Top of DATA

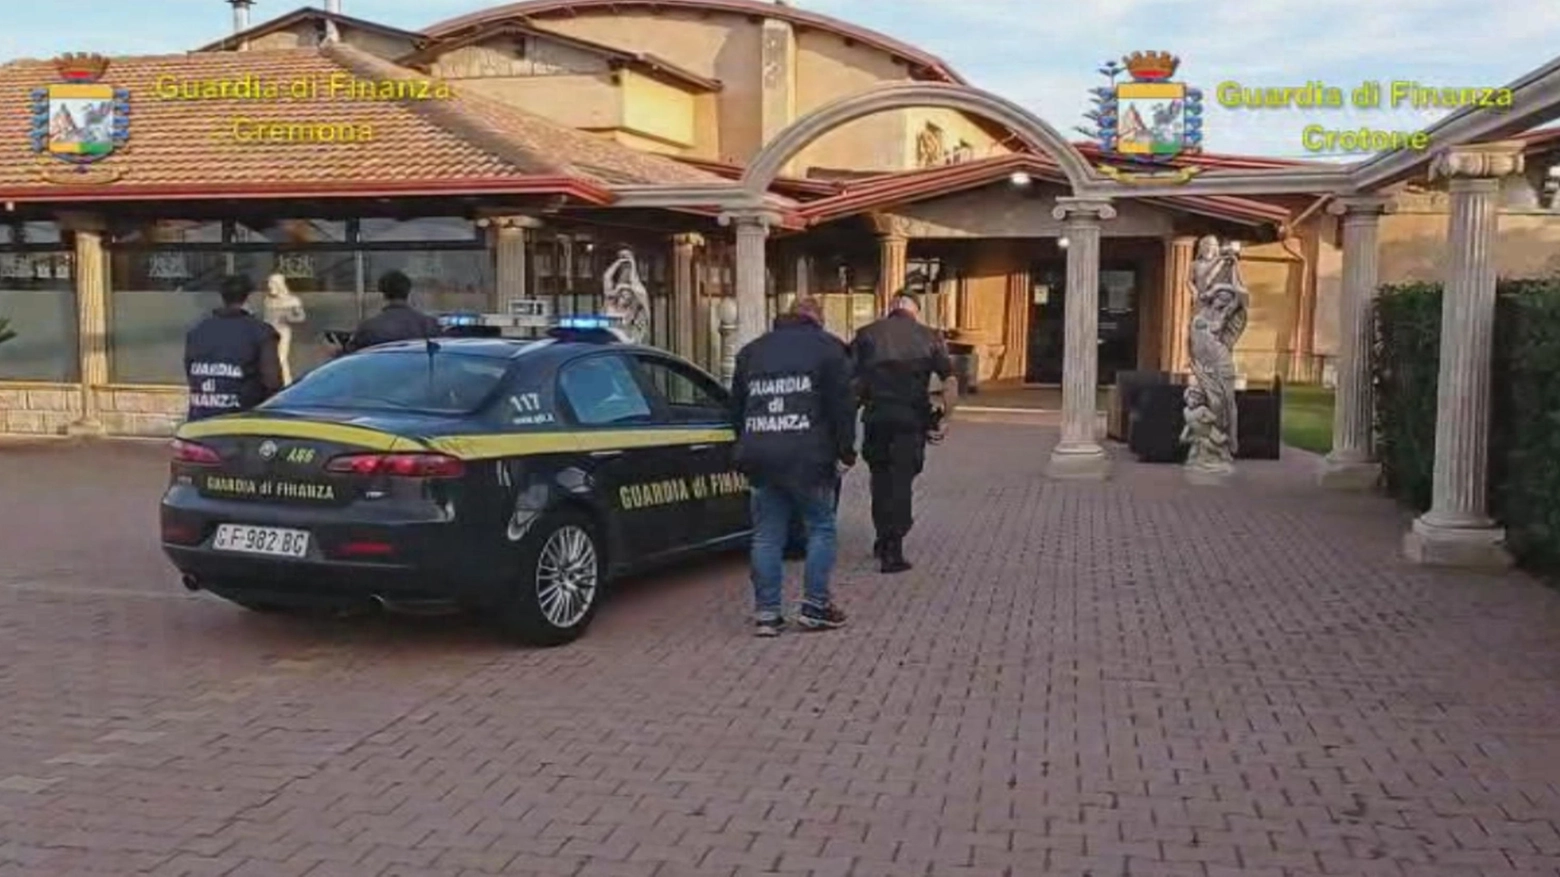 Cremona: confiscati beni per 17 milioni di euro a cosca della 'ndrangheta
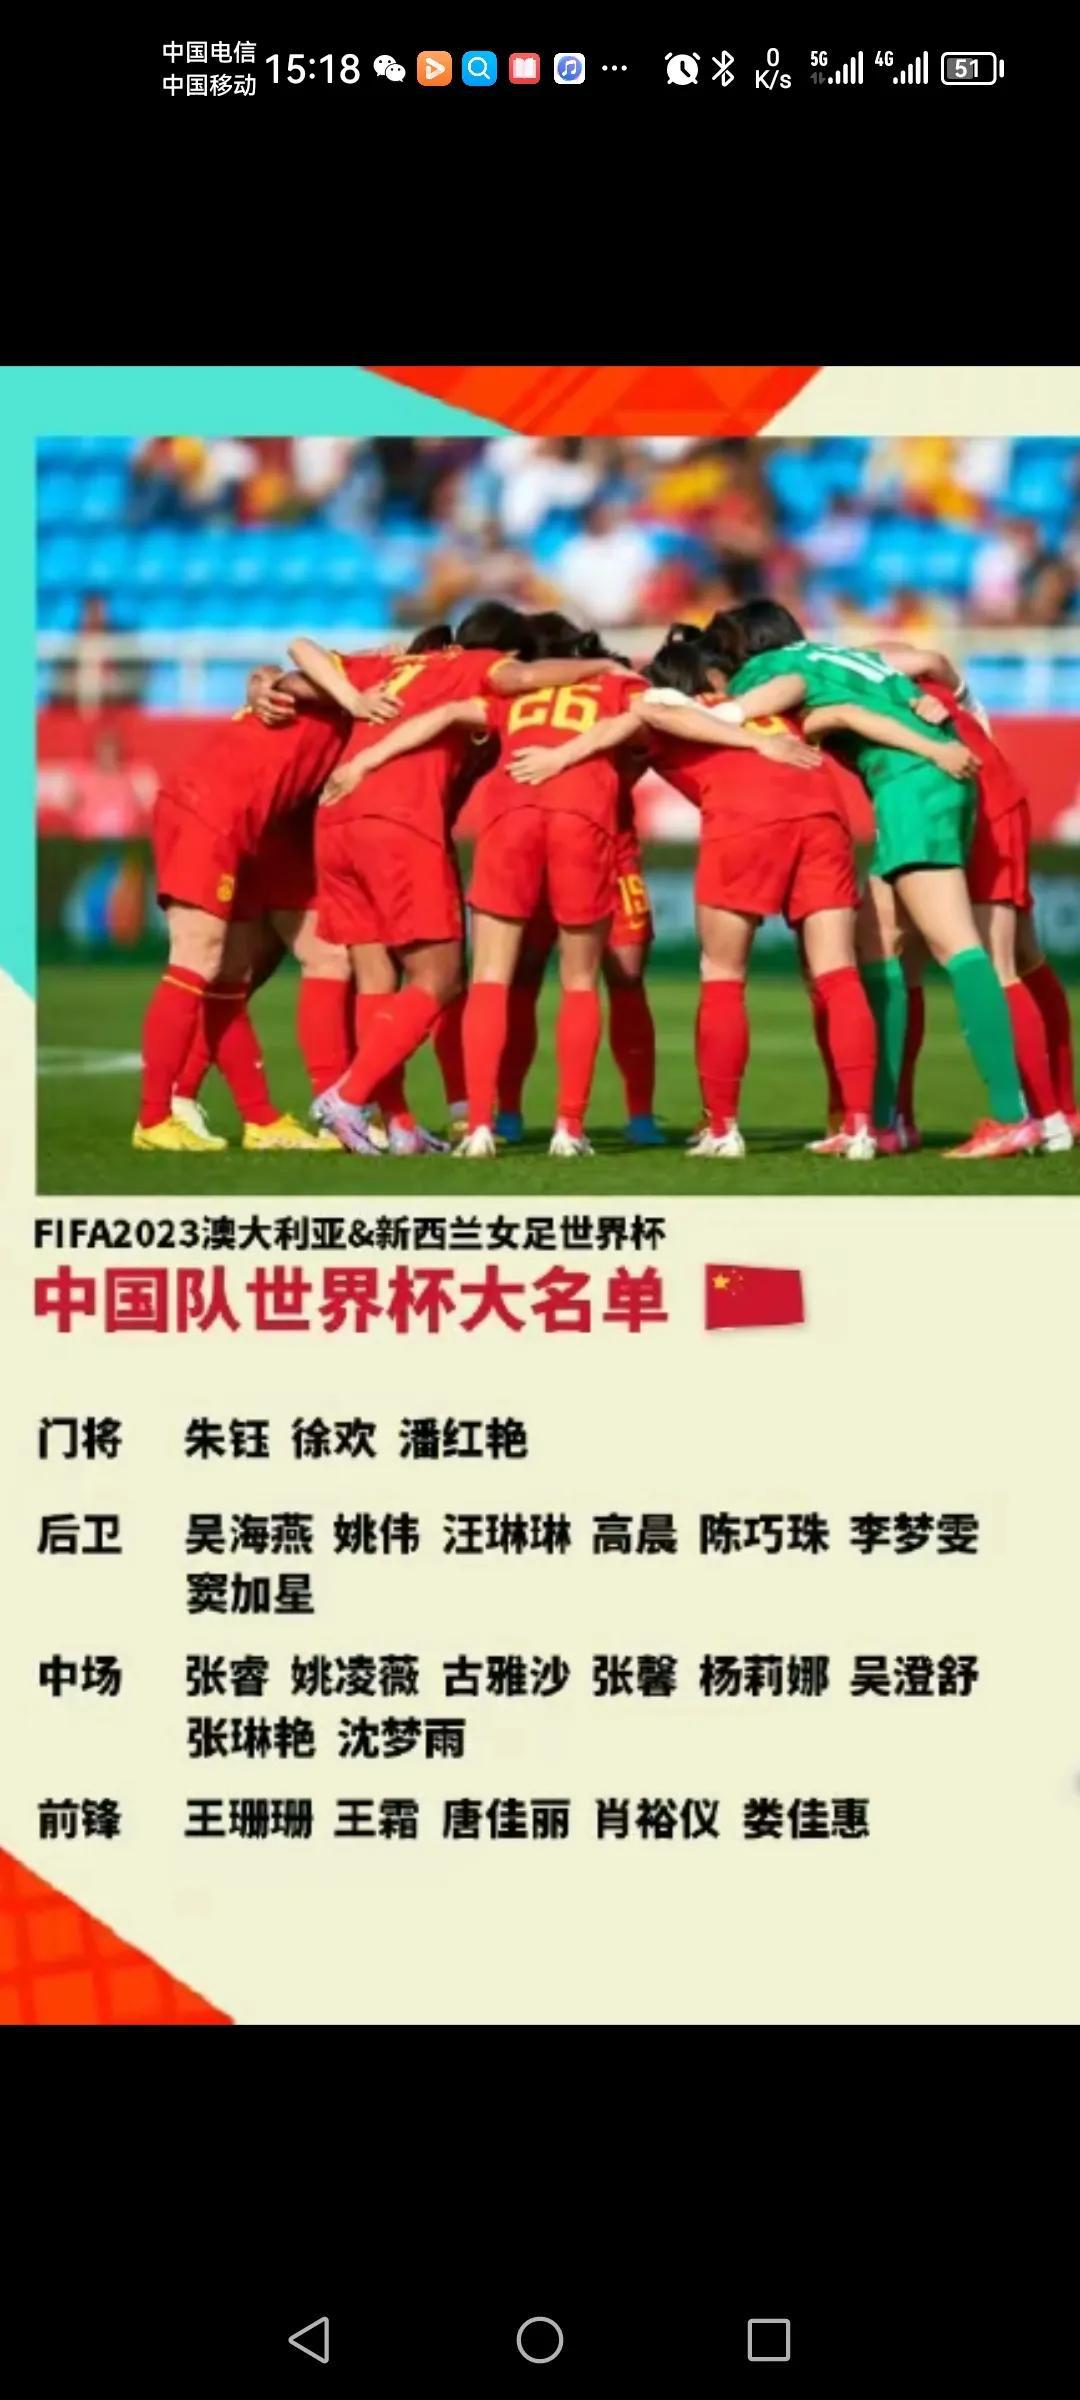 中国女足世界杯出征了！
王霜、唐佳丽、张琳艳以及九球天后王珊珊均在列！
不过世界(3)

Bottom of DATA

* **WHAT TO WORK ON**
Leave out the images and copy all remaining data word for word.

* **THE COMPLETED TASK**
 Cremona: confiscati beni per 17 milioni di euro a cosca della 'ndrangheta
 中国女足世界杯出征了！
王霜、唐佳丽、张琳艳以及九球天后王珊珊均在列！
不过世界(3)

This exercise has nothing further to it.